Tag Archives: Data mining

Super Nerdy: K-Means Clustering Of Distillery Profiles

Add it to the “terroir isn’t a thing in scotch/regions are meaningless” pile. Over at a big data blog, Luba Gloukhov did a k-means clustering of 86 whiskies.

What’s that, you ask?

K-means clustering is a technique to analyze large datasets where your end desire is to group things together based on mathematically calculated distances between attributes in the data set.  Essentially, the program runs through the data set and figures out what elements are the most alike.

This work is more accessible and understandable in the form of David Wishart’s Whisky Classified, which grouped several distilleries together by flavor profile. While Wishart’s is a great effort and certainly one of the best introductions to the concept, the challenge is data points.

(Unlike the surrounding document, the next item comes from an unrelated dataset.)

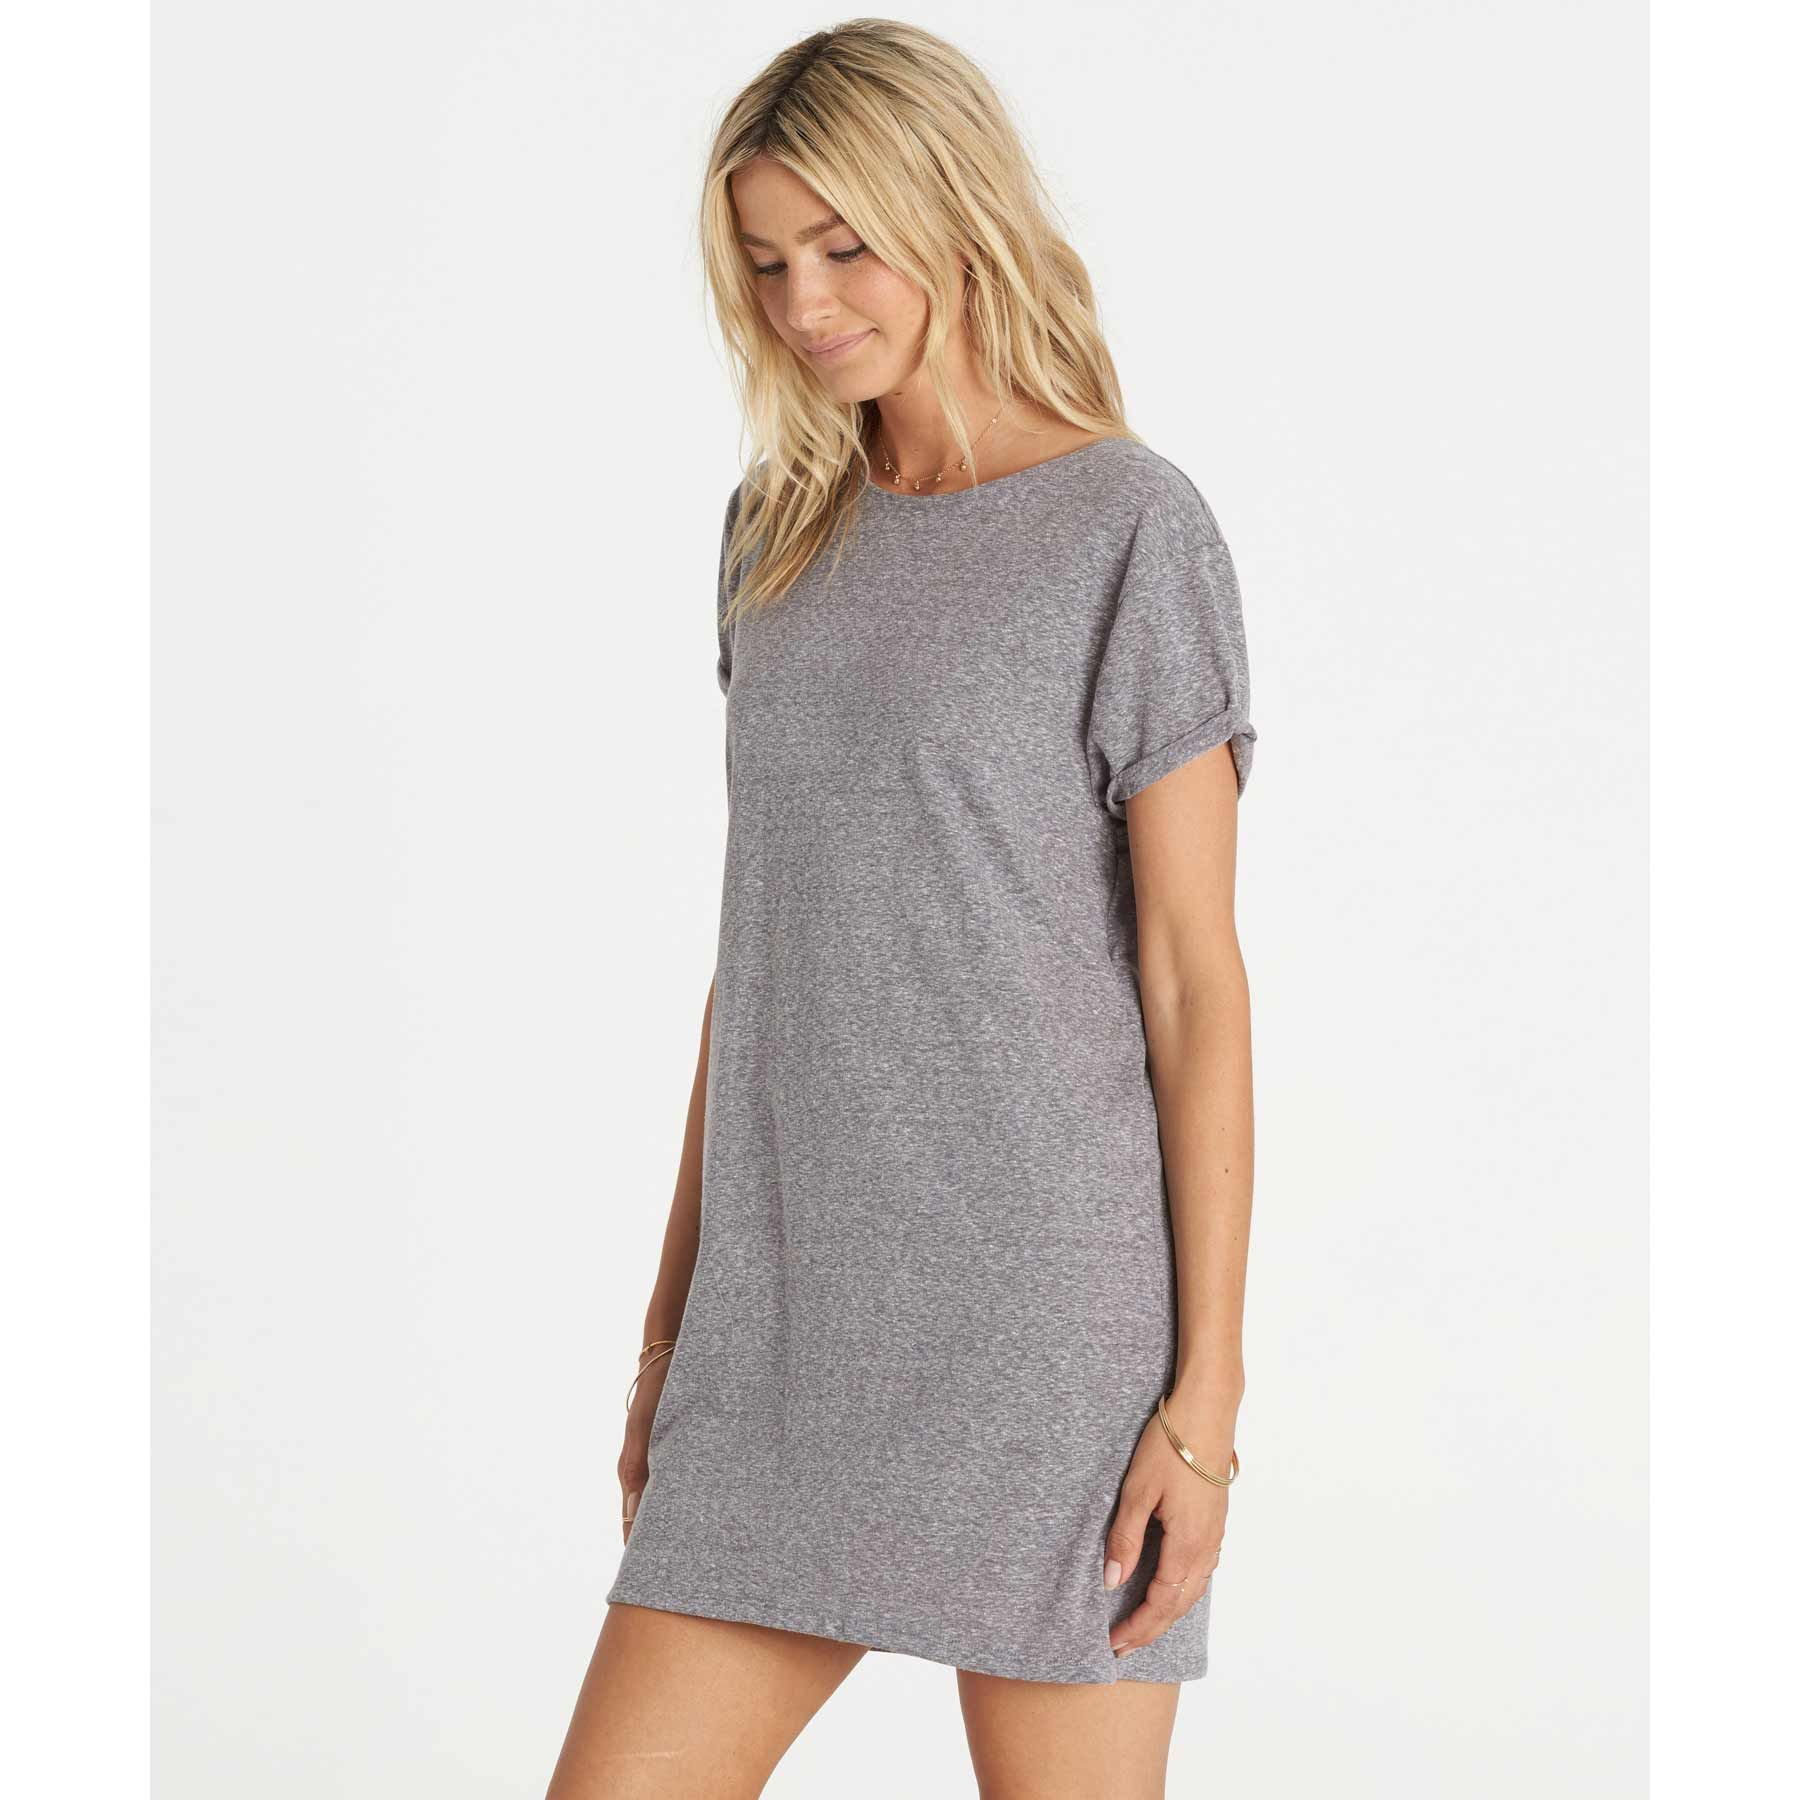 Billabong clothes for womens
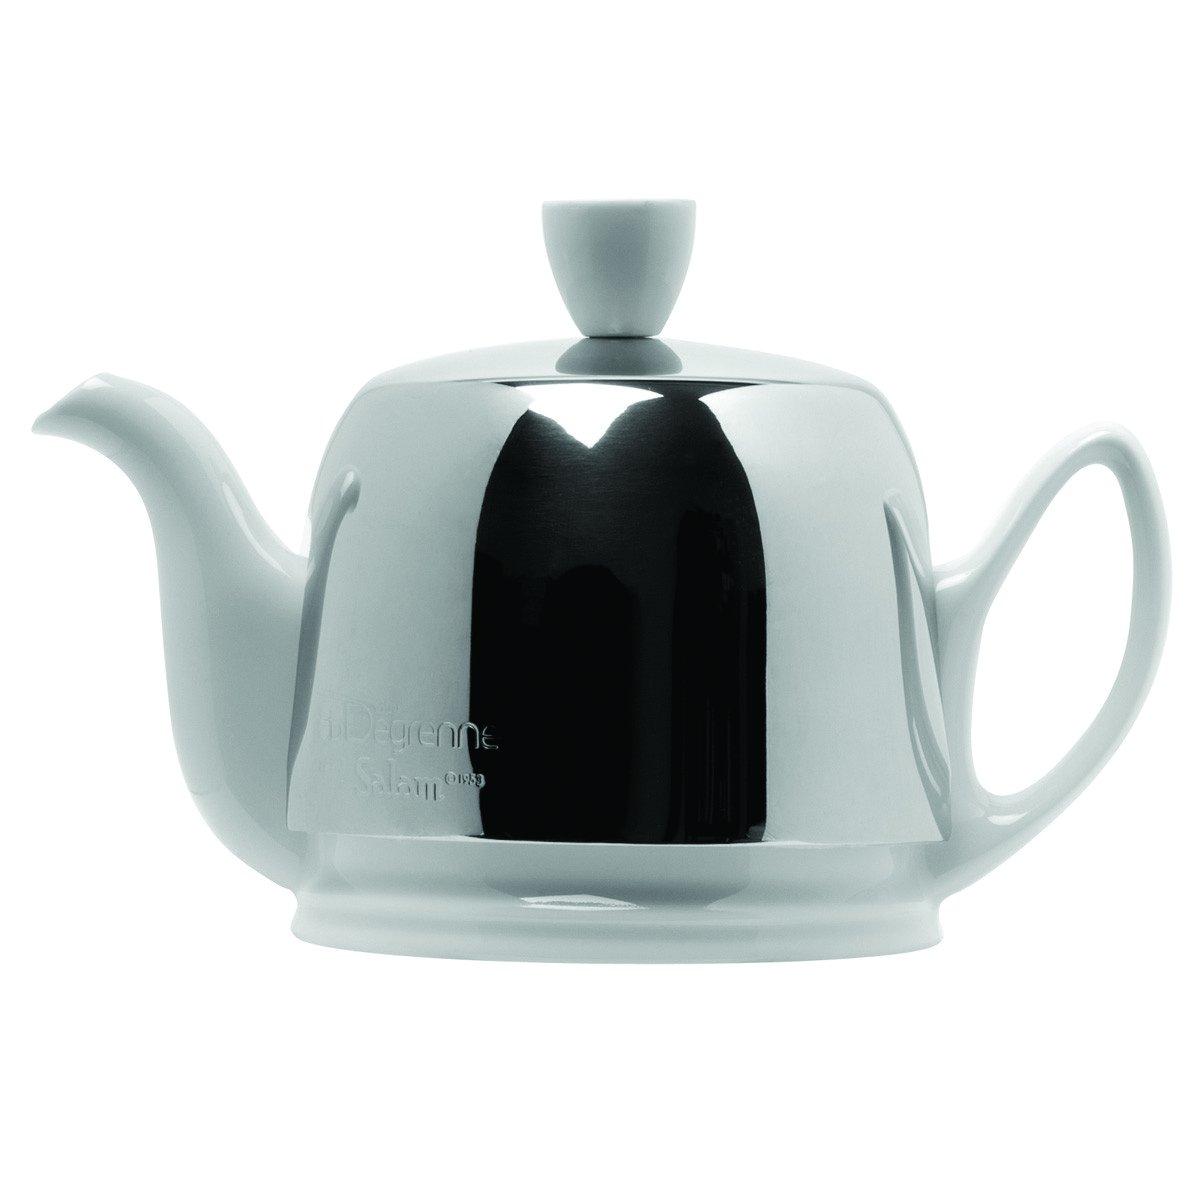 DEGRENNE -  SALAM WHITE Tea Pot 2 Cups, 11 oz 13/16

It’d be interesting to see this approach applied to larger, more constantly updated data sets such as the Malt Maniacs’ data, though missing from most of these are an agreed-upon set of flavor variables that may be scored.

If the concept is over your head or you don’t dig reading code samples, just look at his map plots, which show a pretty scattershot distribution across Scotland by flavor. There’s obviously a cluster in Speyside but it’d be more useful to do a zoomed-in view there.

Certainly it’s something that would suggest a lot more fun data mining, but it’s an interesting start.